The Company and each Holder agree that it would not be just and equitable if
contribution pursuant to this Section 8(d) were determined by pro rata
allocation (even if the Holders were treated as one entity for such purpose) or
by any other method of allocation which does not take account of the equitable
considerations referred to in the immediately preceding paragraph. The amount
paid or payable by an indemnified party as a result of the losses, claims,
damages, liabilities or judgments referred to in the immediately preceding
paragraph shall be deemed to include, subject to the limita tions set forth
above, any legal or other expenses reasonably incurred by such indemnified party
in connection with investigating or defending any matter, including any action
that could have given rise to such losses, claims, damages, liabilities or
judgments. Notwithstanding the provisions of this Section 8, no Holder, its
directors, its officers or any Person, if any, who controls such Holder shall be
required to contribute, in the aggregate, any amount in excess of the amount by
which the total received by such Holder with respect to the sale of Transfer
Restricted Securities pursuant to a Registration Statement exceeds (i) the
amount paid by such Holder for such Transfer Restricted Securities and (ii) the
amount of any damages which such Holder has otherwise been required to pay by
reason of such untrue or alleged untrue statement or omission or alleged
omission. No person guilty of fraudulent misrepresentation (within the meaning
of Section 11(f) of the Act) shall be entitled to contribution from any person
who was not guilty of such fraudulent misrepresentation. The Holders'
obligations to contribute pursuant to this Section 8(c) are several in
proportion to the respective principal amount of Transfer Restricted Securities
held by each Holder hereunder and not joint.
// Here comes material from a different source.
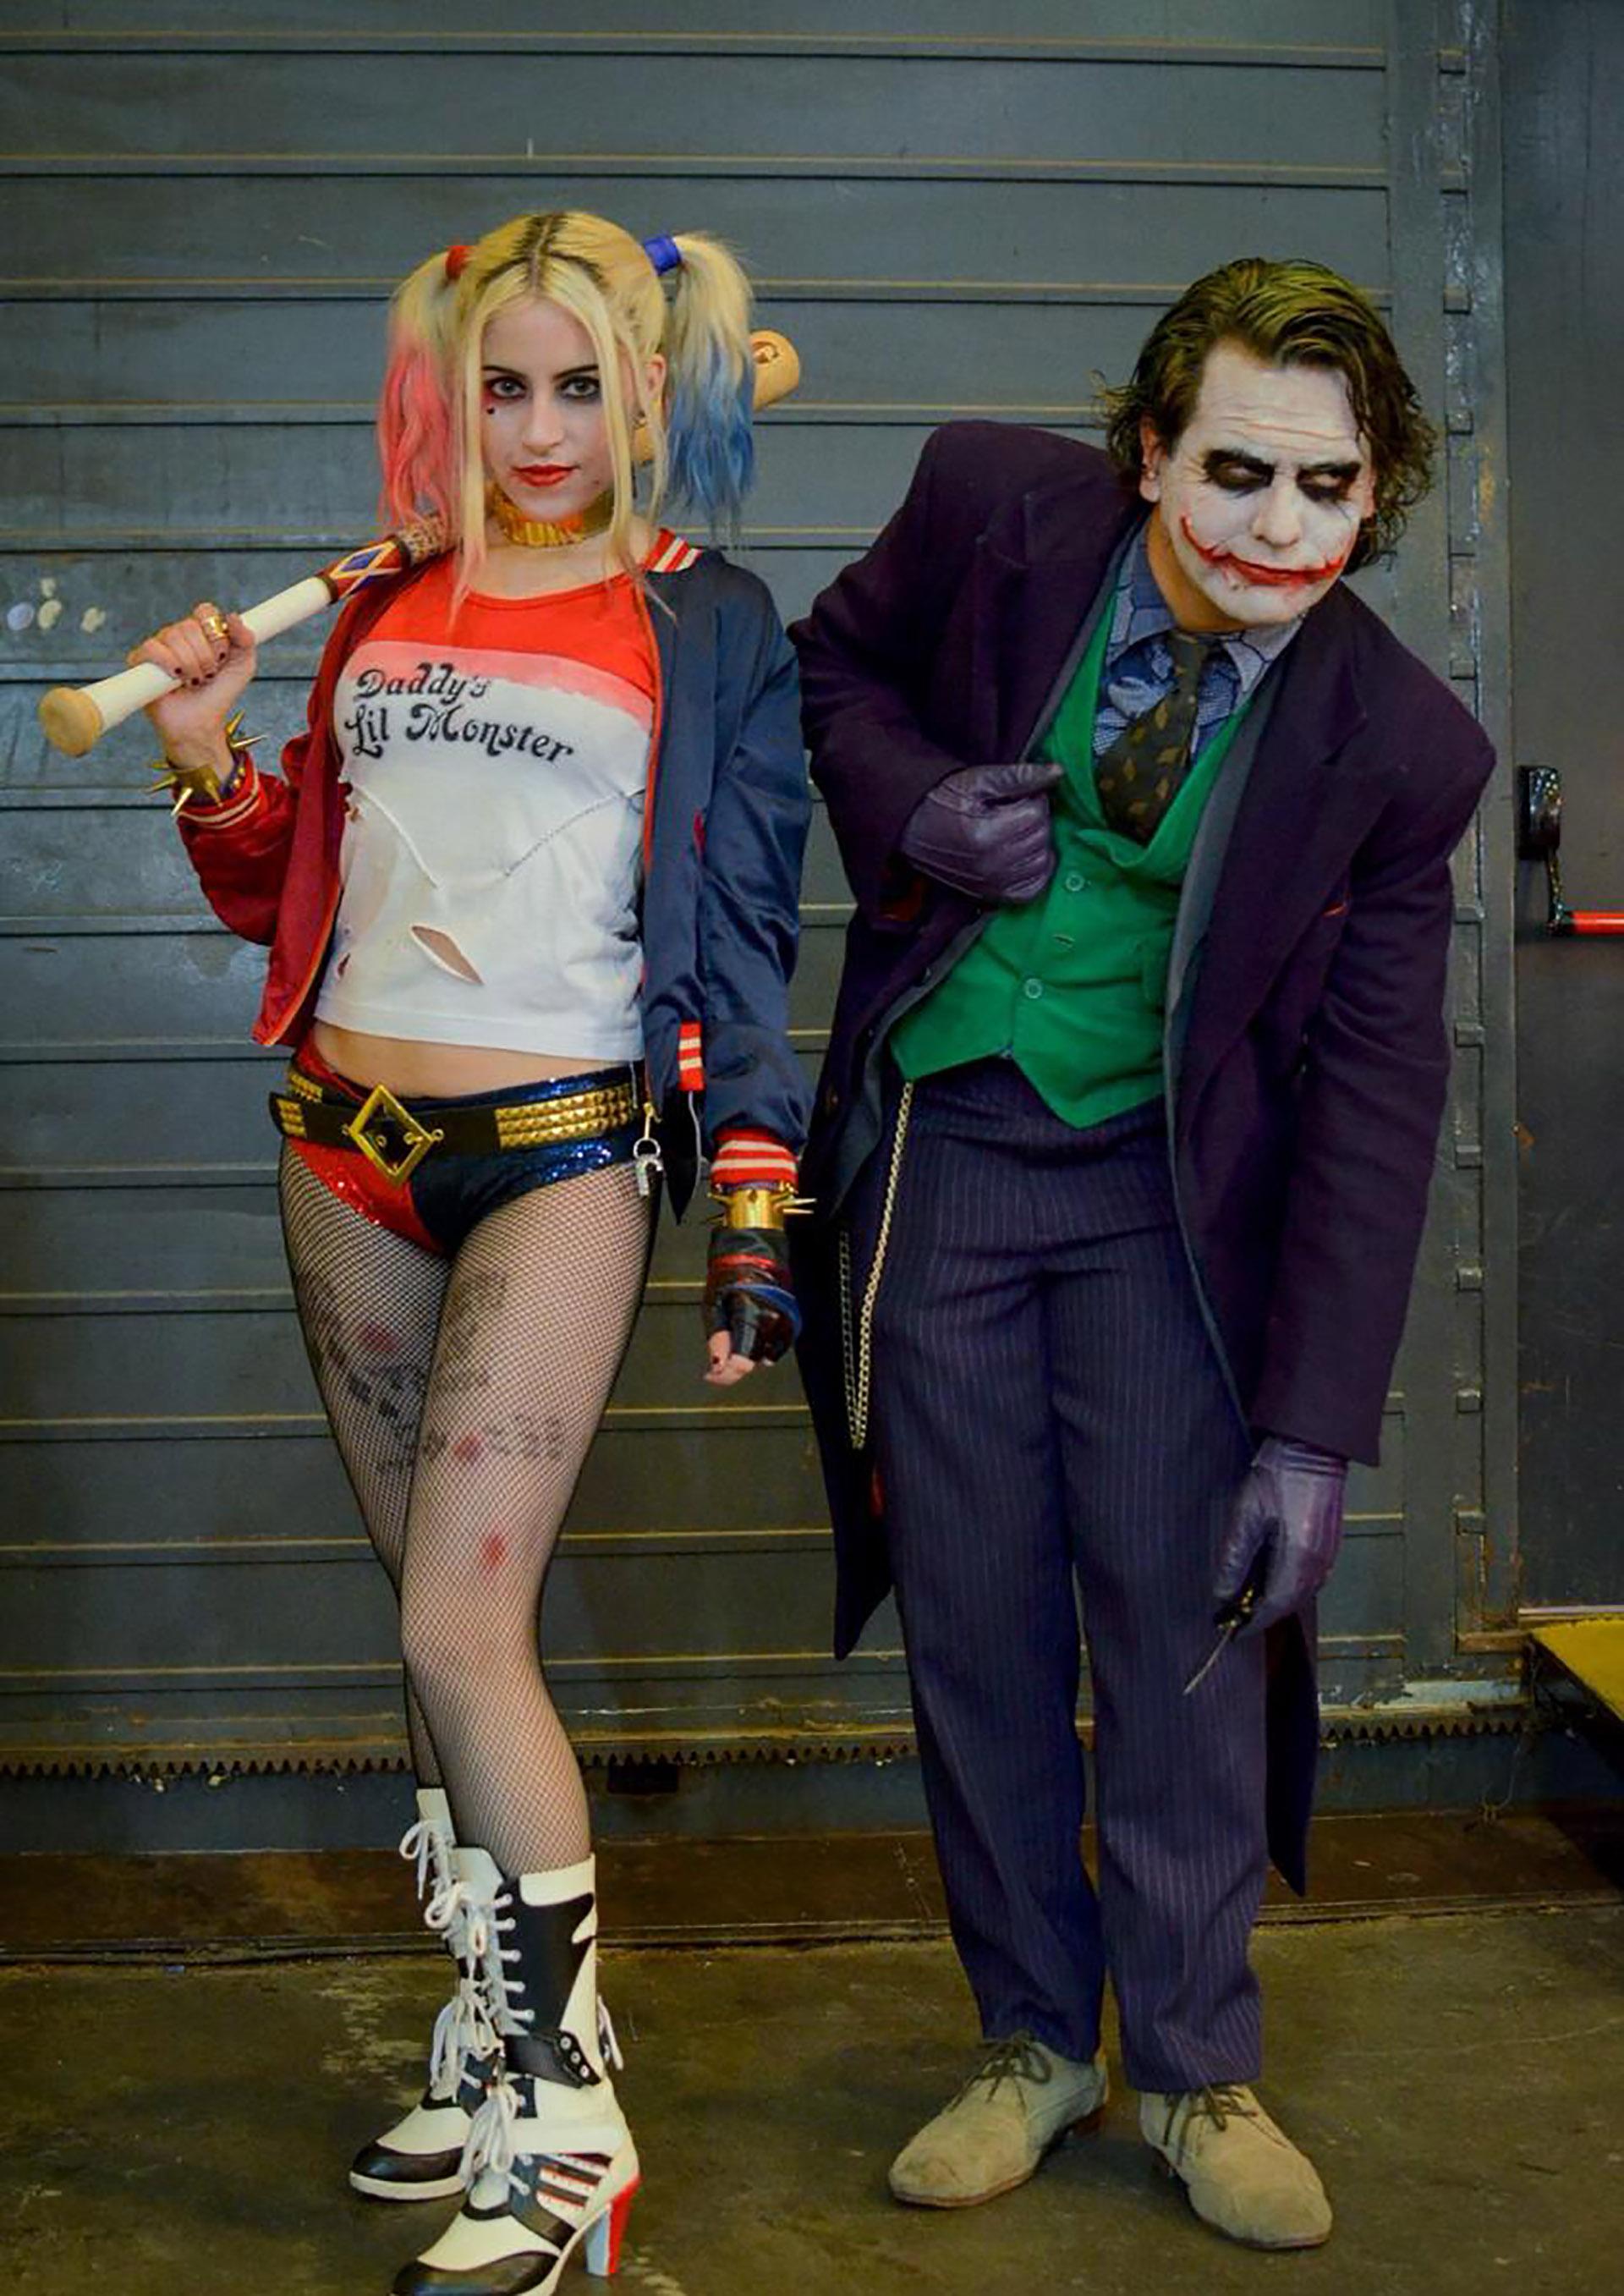 Jessica con su esposo Leandro. Comparten lapasión por el cosplay (ONB)

SECTION 9. RULE 144A AND RULE 144
The Company agrees with each Holder, for so long as any Transfer
Restricted Securities remain outstanding and during any period in which the
Company (i) is not subject to Section 13 or 15(d) of the Exchange Act, to make
available, upon request of any Holder, to such Holder or beneficial owner of
Transfer Restricted Securities in connection with any sale thereof and any
prospective purchaser of such Transfer Restricted Securities designated by such
Holder or beneficial owner, the information required by Rule 144A(d)(4) under
the Act in order to permit resales of such Transfer Restricted Securities
pursuant to Rule 144A, and (ii) is subject to Section 13 or 15(d) of the
Exchange
16
Act, to make all filings required thereby in a timely manner in order to permit
resales of such Transfer Restricted Securities pursuant to Rule 144.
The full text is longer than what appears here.